# Quick Intro from and Australian living in Europe



## skippy79 (Jan 6, 2012)

Just thought it would be nice to introduce myself here before I start scoring info off you guys.
I'm an 32 yr old Ozzie bloke living in Belgium after spending 13yrs in OZ, 9yrs in Holland and another 5yrs in Spain.
Been skiing and boarding since 4yrs old, so not really a newbie, but haven't really got into it that much except the week a year I usually done.
I love riding motorbikes and race locally here on a super bike, but since thats a summer sport, I reckoned I needed to get into something a bit more during the winter.
So I choose to start to get into snowboarding a bit more and have 3 trips planned in the next few months and possibly another one at easter( depends on the snow conditions.
Been To Chamonix, Avoriaz, Morzine, Ellmau, Mayrhofen, hochfugen, Falls Creek, Mt Hothem and I'm going back to Ellmau this yr.

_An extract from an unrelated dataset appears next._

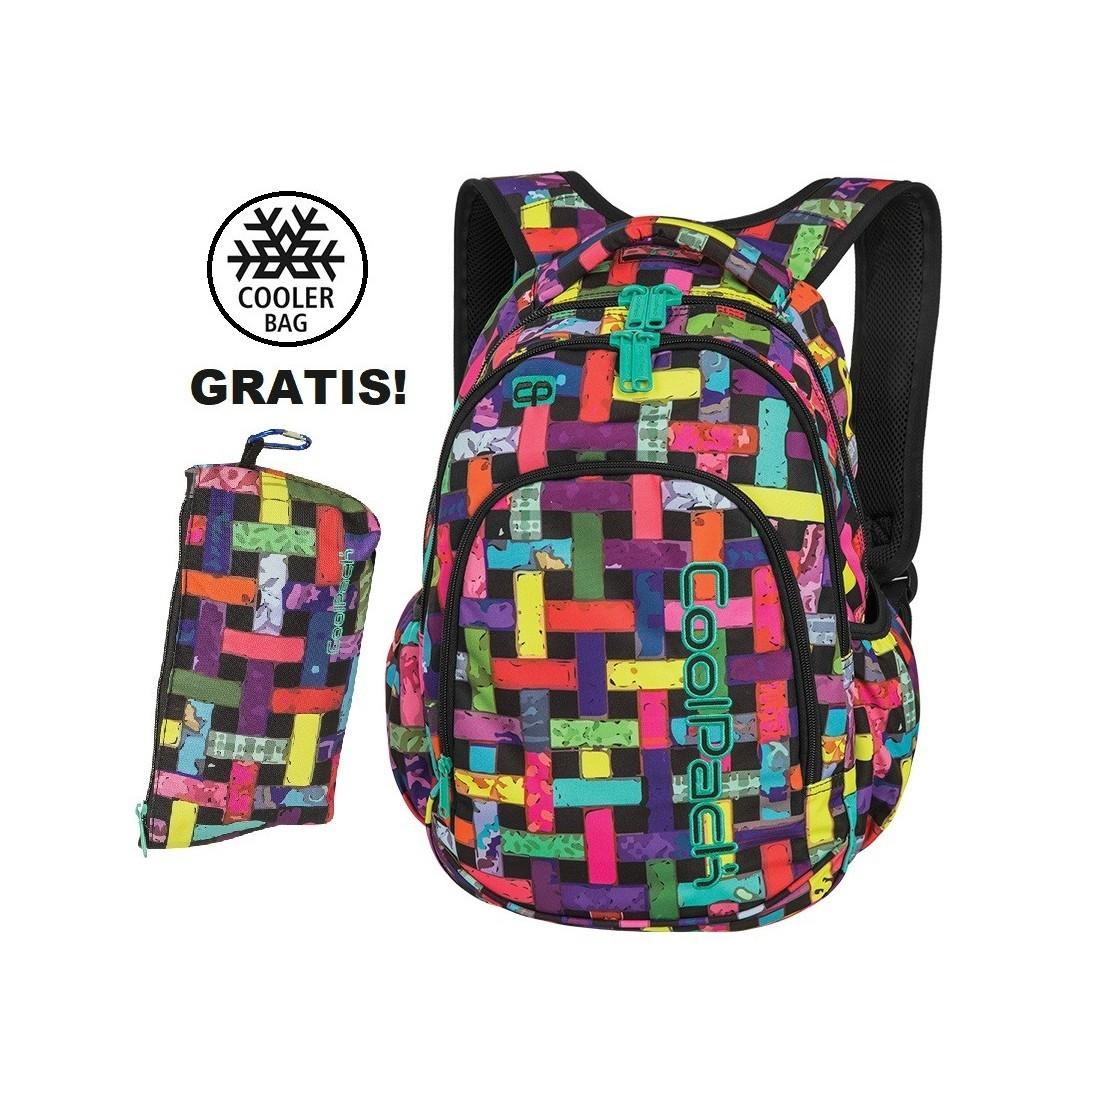 b798cf72972d0 Plecak szkolny (do klas 1-3) CoolPack CP PRIME RIBBON GRID kolorowe wstążki

The Reason for joining this forum is due to the fact I used to have my own stuff, but don't any more and am looking to buy equipment again.
So if anyone can help me
I'm 6,1, weigh roughy 200 and ride mostly groomed trails, sometimes off piste and the fun park(mostly rails and smallish kickers, but I would spend 80% of the time ride groomed trails.
I was looking at a Ride Antic/Manchete 161 with the new GNU bindings (step in), would this suit me? I don't need a wide board as I only have size 9.5 boots
I'm also looking for boots and though the burton ION or the 32 Lashers.

What do you guys think?
Any other ideas of info would be great

BTW, I don't have a money tree in my backyard, so don't want to splash a lot of cash, Will be looking to spend +/-700€(I think about 1000$)

Anyway, thats a bit about me, now off to ask plenty of questions


----------